The board itself, aside from its unique set of "abnormalities" as a single processor Slot-1/Socket-370 board, feature a fairly normal 4/2/1 expansion slot interface (PCI/ISA/AGP), as well as three DIMM slots for memory expansion. The trademark orange heatsink is present on the 443BX controller chip which aids in the cooling of the chipset. For a motherboard that wasn't designed with a particular Slot/Socket interface in mind, the Elitegroup P6BXT A+ managed to squeeze almost everything into a reasonably sized area.
The positioning of the HDD/FDD connector ports is ideal, as they are out of the way of all other components on the motherboard due to the larger size of the PCB. The ATX power supply connector is conveniently located next to the right portion of the Slot-1's Universal Retention Mechanism. In order to conserve space, the Slot-1 retention mechanism folds up as to allow for unhindered Socket-370 operation.

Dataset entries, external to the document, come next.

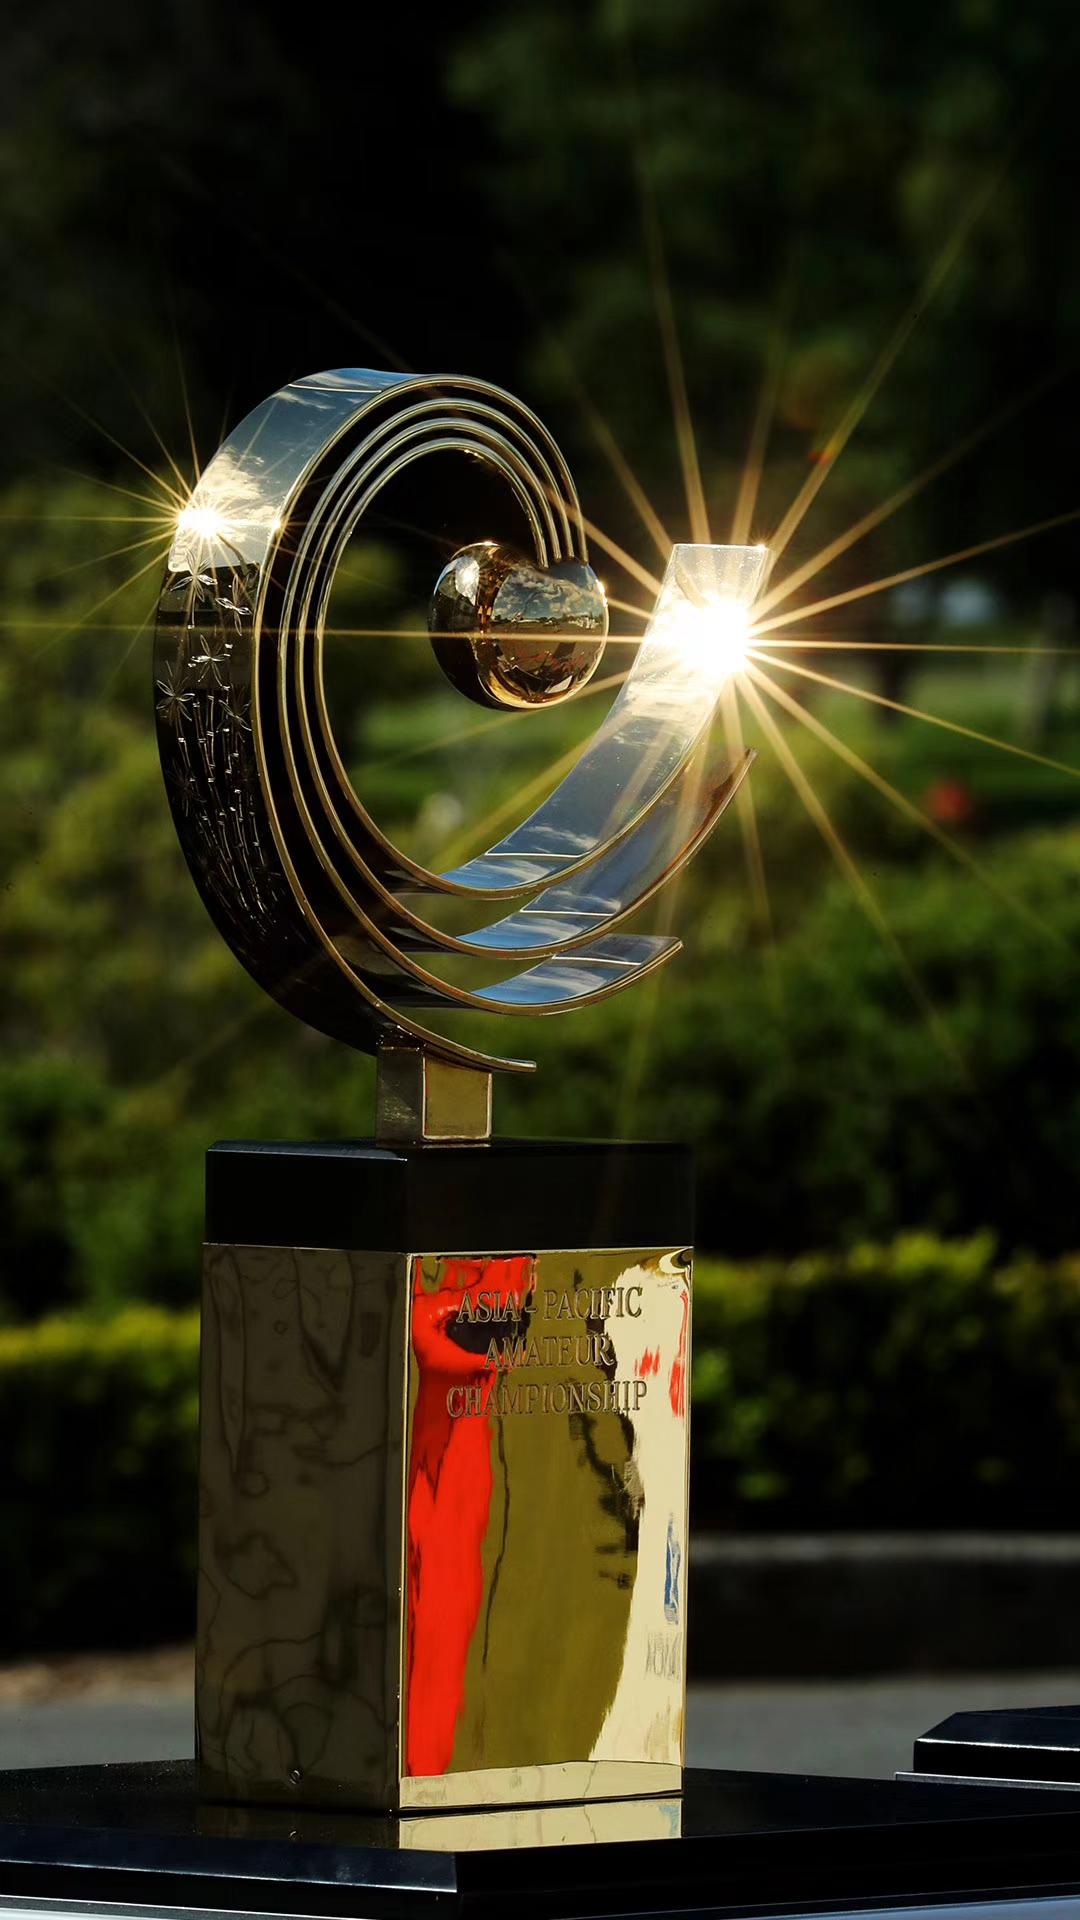 第11届亚太业余锦标赛将辐射超过160个国家及地区
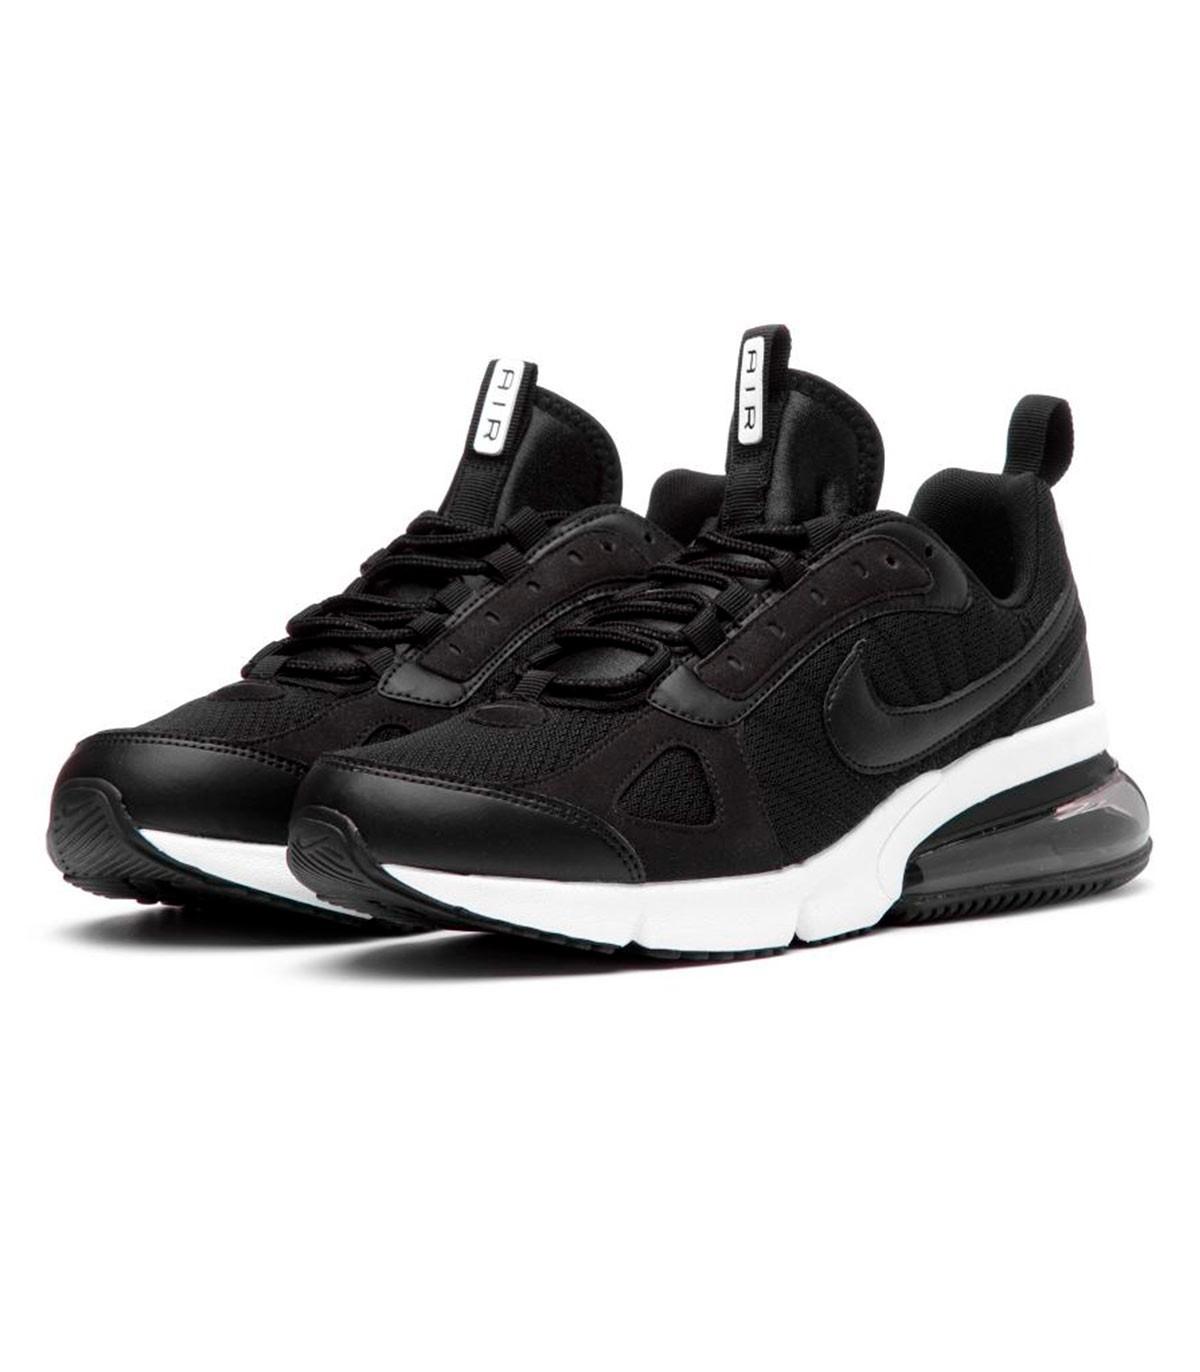 on sale 9e530 c7431 Zapatillas Nike Air Max 270 Futura
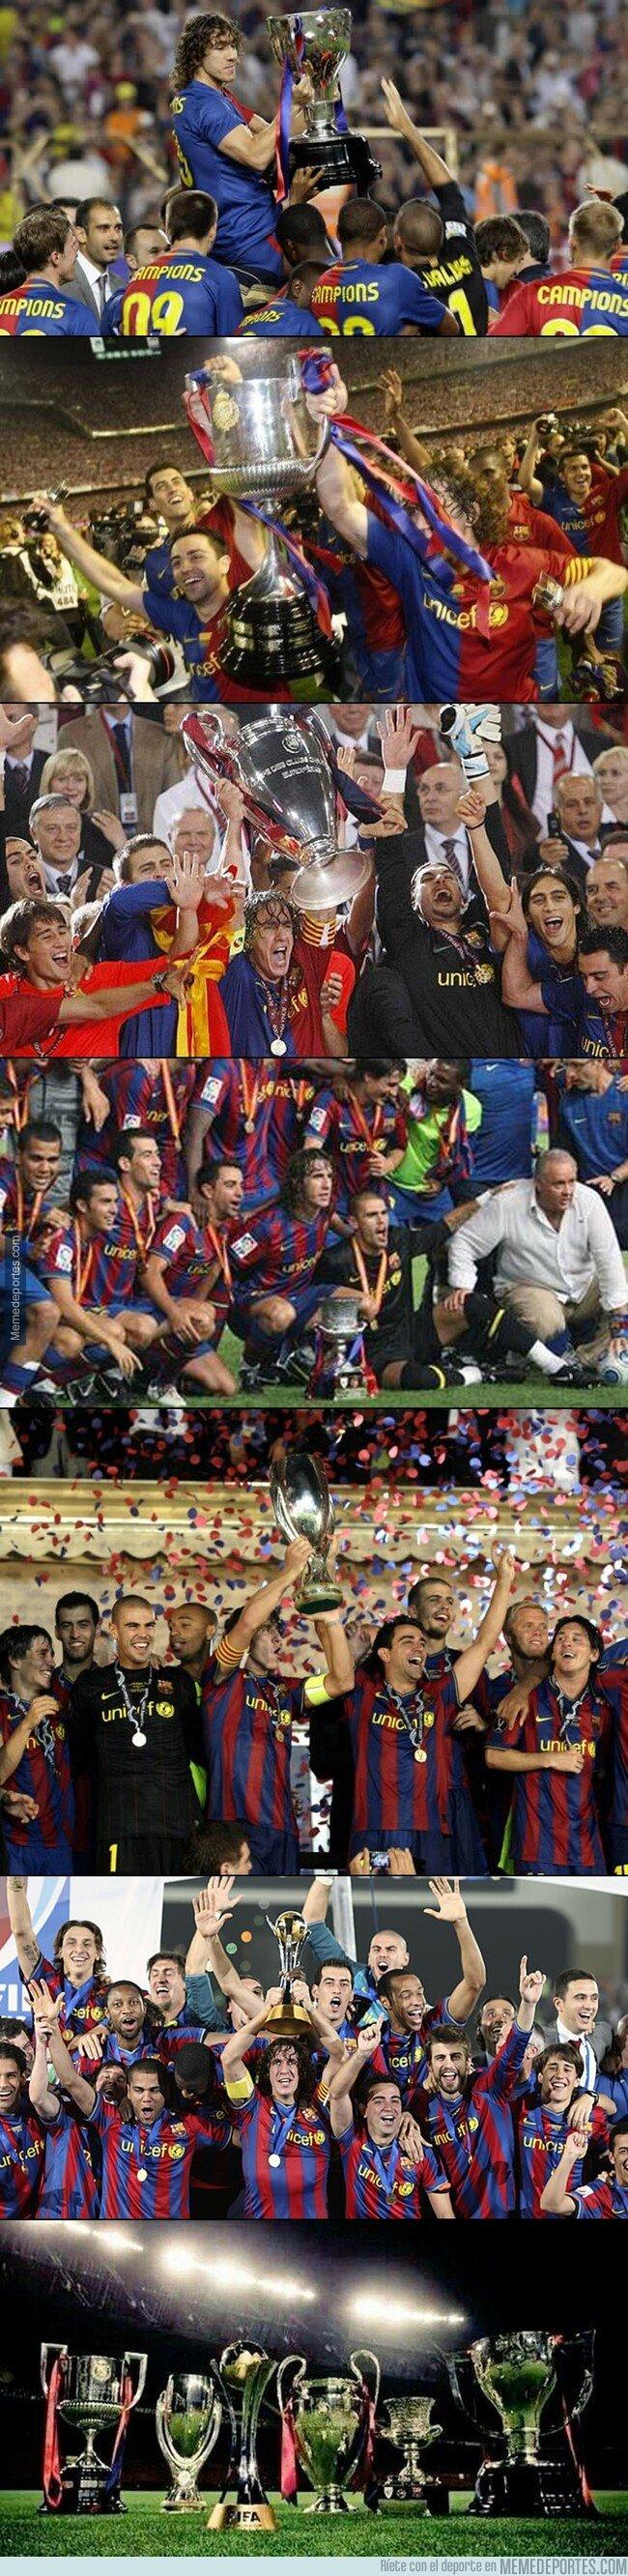 1093982 - Hoy cumple 10 años el equipo que no podía dejar de ganar

The board features an on-board sound controller chip that supposedly boasts "3D audio" support. In AnandTech's tests the quality of the sound was above that of the older ISA Creative Labs solutions that used to find their way onto motherboards, however the newer integrated PCI Creative Labs and ESS Solo1 products seem to be considerably superior in terms of quality. In terms of ease of use, the installation and configuration of the P6BXT A+ and all of its added features was not a difficult ordeal to overcome at all. The bundled drivers/utility CD provided AnandTech with all of the information ready to get started.
The performance of the P6BXT A+ is, as we have all come to expect, on-par with that of the majority of other BX based motherboards available on the market today.